• U.S.

Music: Fascinating Yemenite

3 minute read
TIME

A slender, lustrous-eyed young woman, appearing on Manhattan’s Town Hall stage one night last week, completely fascinated an audience which was unable to understand a single word she sang. She was Sarah Osnath-Halevy, a Yemenite from Palestine. By singers’ standards her husky nasal voice was unimportant. But Sarah Osnath-Halevy does not pretend to formal singing any more than she does to conventional dancing. She is an interpreter of folk songs from her corner of the world. Those she presented last week were Persian, Arabian, Yemenite, Schabazy, Sephardic, Felahi. Whatever they were she made them invariably exciting by her intonations, her subtle gestures.

Her characters were as varied as Angna Enters’ or Ruth Draper’s. In a severe black cloak she was a tortured Yemenite youth wailing to God to take away his sadness.
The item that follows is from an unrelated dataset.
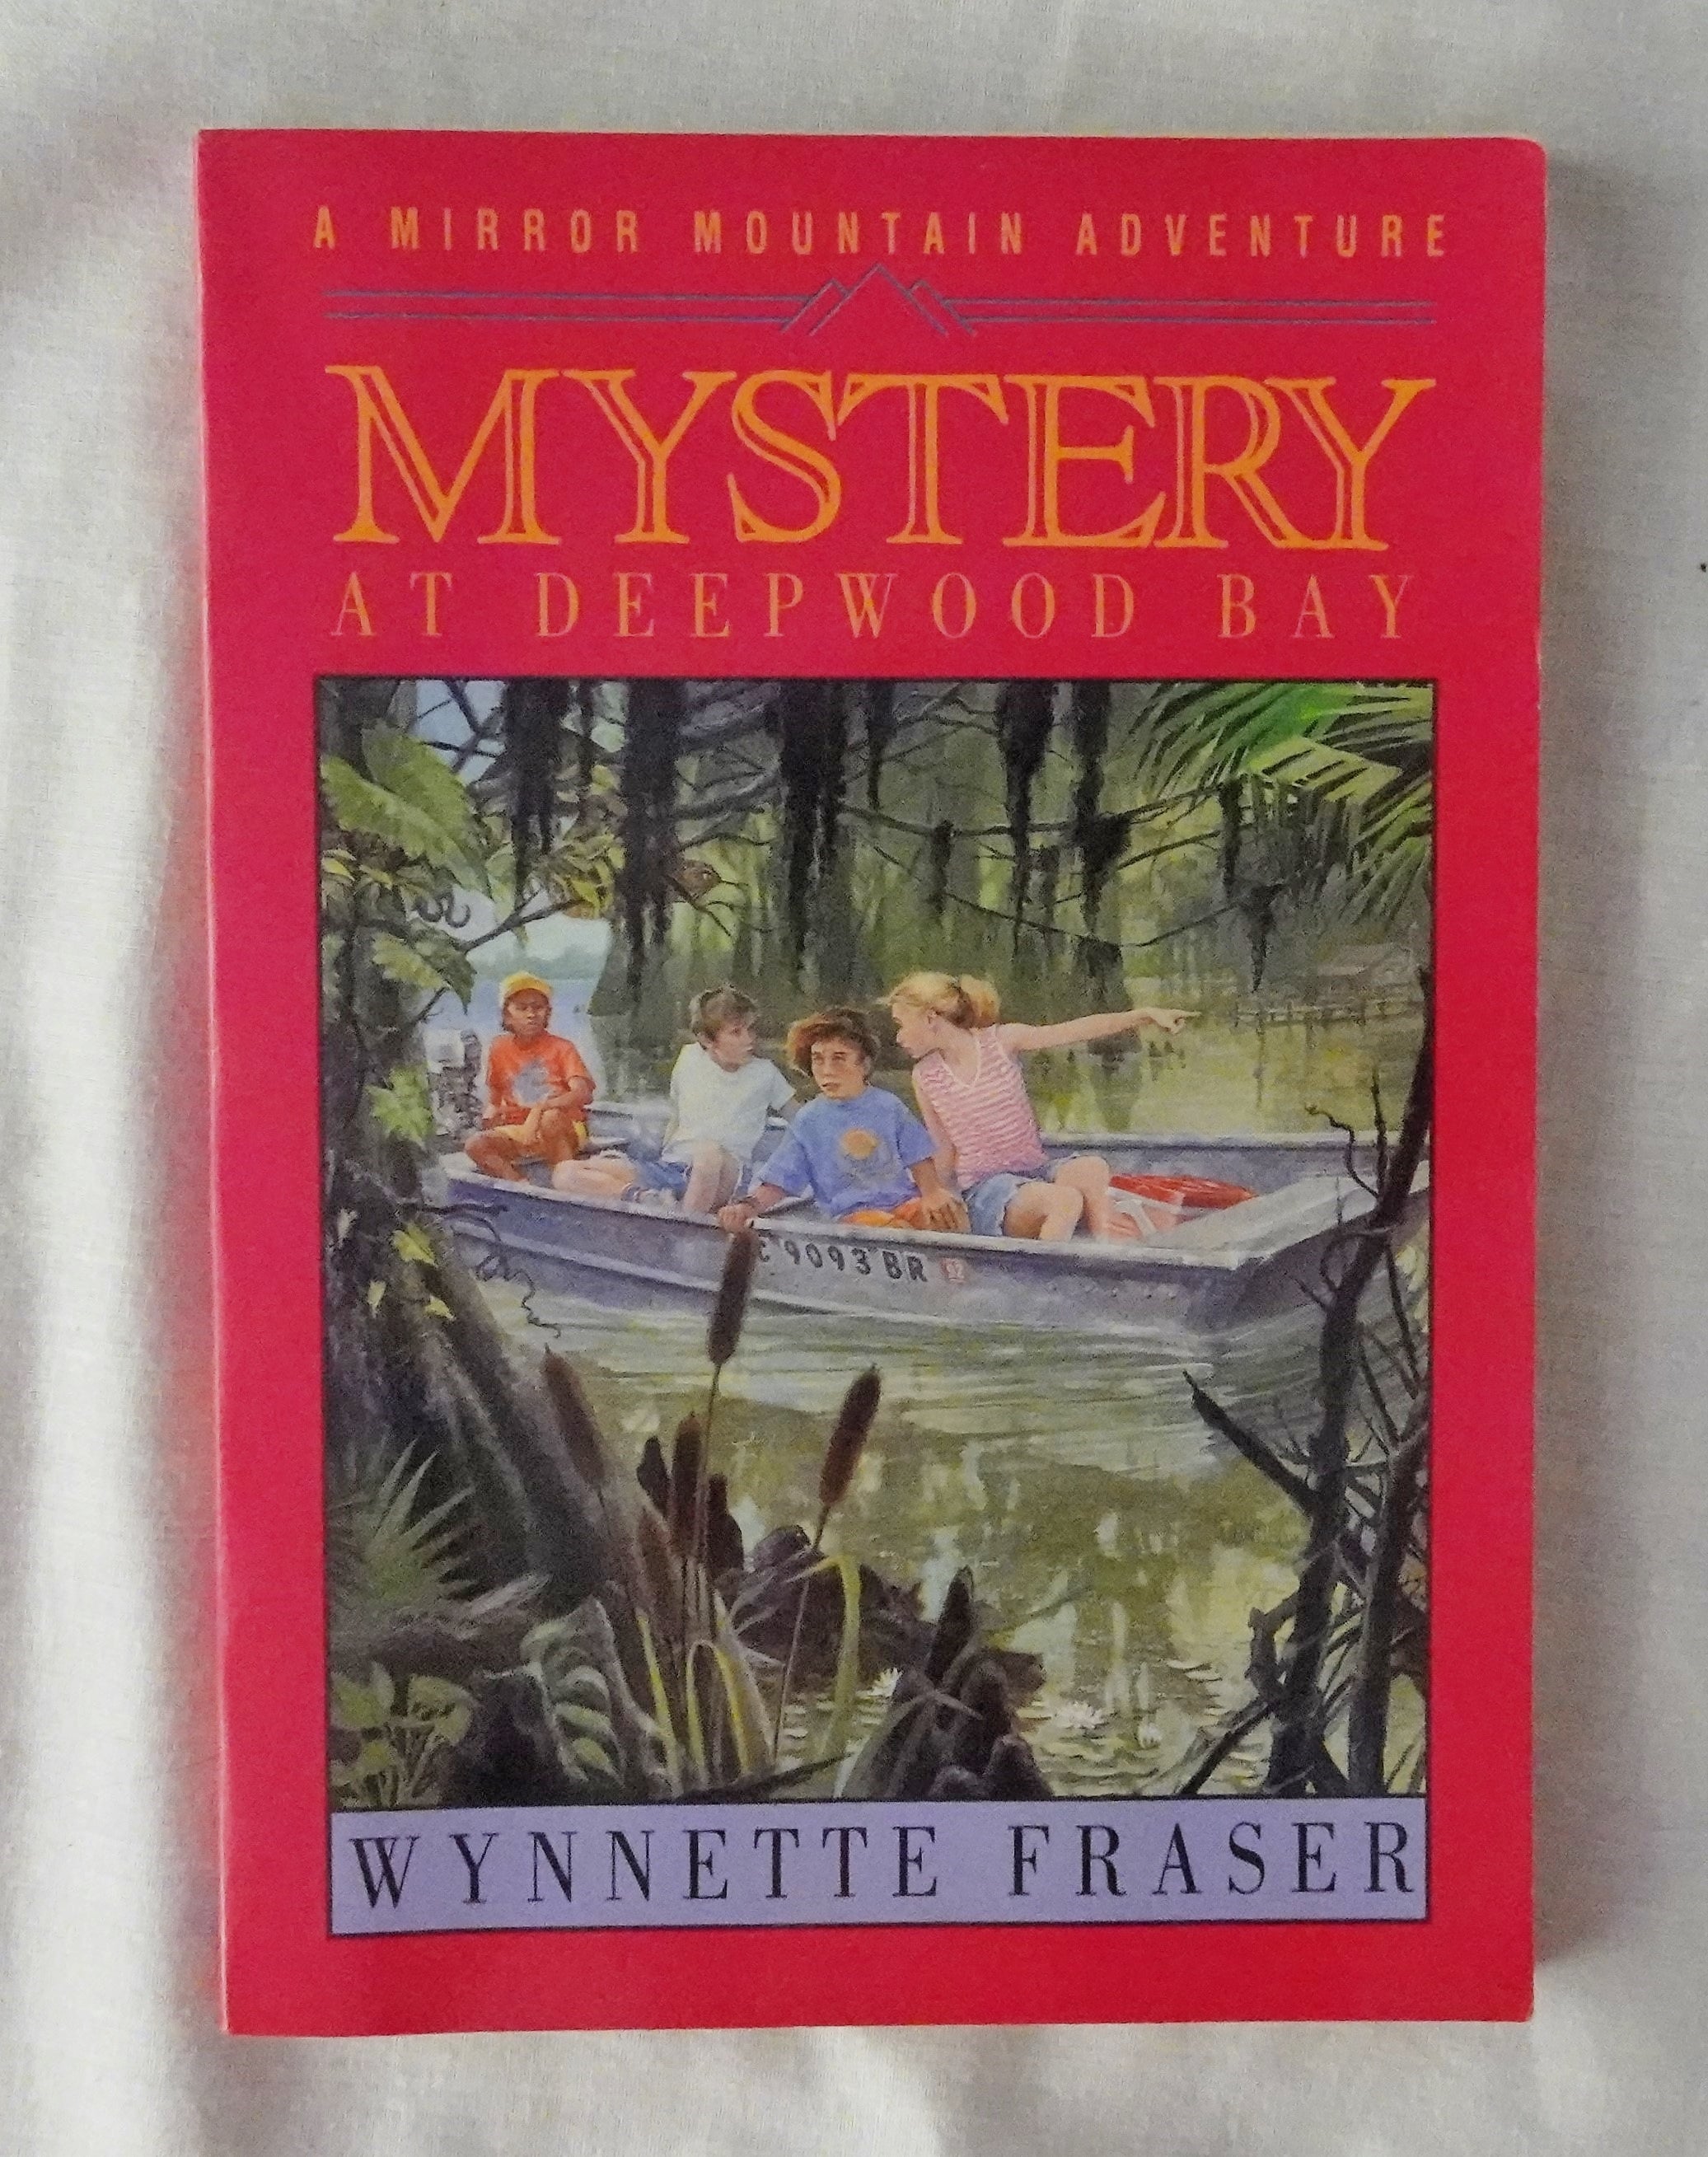 Fraser　by　–　Rare　Deepwood　Bay　Books　Wynette　Morgan's　Mystery　at

Just as surely, she was a voluptuous young Spanish girl wandering wistfully in her garden at dusk, an Arabian merchant comically scorning the Jews, a Felahi shepherdess who lost her pet lamb and joyfully found it again. Deeply stirring was her impersonation of a Persian woman possessed by grief and awe as she swayed over her father’s tomb. Never did she make her audience feel a need for words.

Like many a diseuse, Sarah Osnath-Halevy gained telling effects with a .shrug of a shoulder, a lift of an eye. More marvelous, though, was what she could suggest with her long, slim hands alone. Each finger seemed to have a definite part, each pose its own particular beauty. That such hands should have washed dishes and scrubbed floors seemed almost incredible. But it is a fact that Sarah Osnath-Halevy was a domestic servant before she made her mark as an interpreter of songs. Her family, driven out by Arabs, left Yemen when she was 4. On the long trek to Palestine her father was killed. Her mother died shortly after. Young Sarah grew up in an orphanage until she was old enough to get a place doing housework.

She studied nights, was eventually given a chance to perform on a program at a Tel-Aviv theatre. Her ambition was so strong that she proceeded to do endless research on the manners and music of all the nearby tribes. She gave her first performances in Europe in 1930. For the past six months she has been in Paris, giving repeated recitals. Her U. S. future has still to be decided. Many an offer was made to her before her debut last week. Refusing them all, she said: “I must first show what I can do.”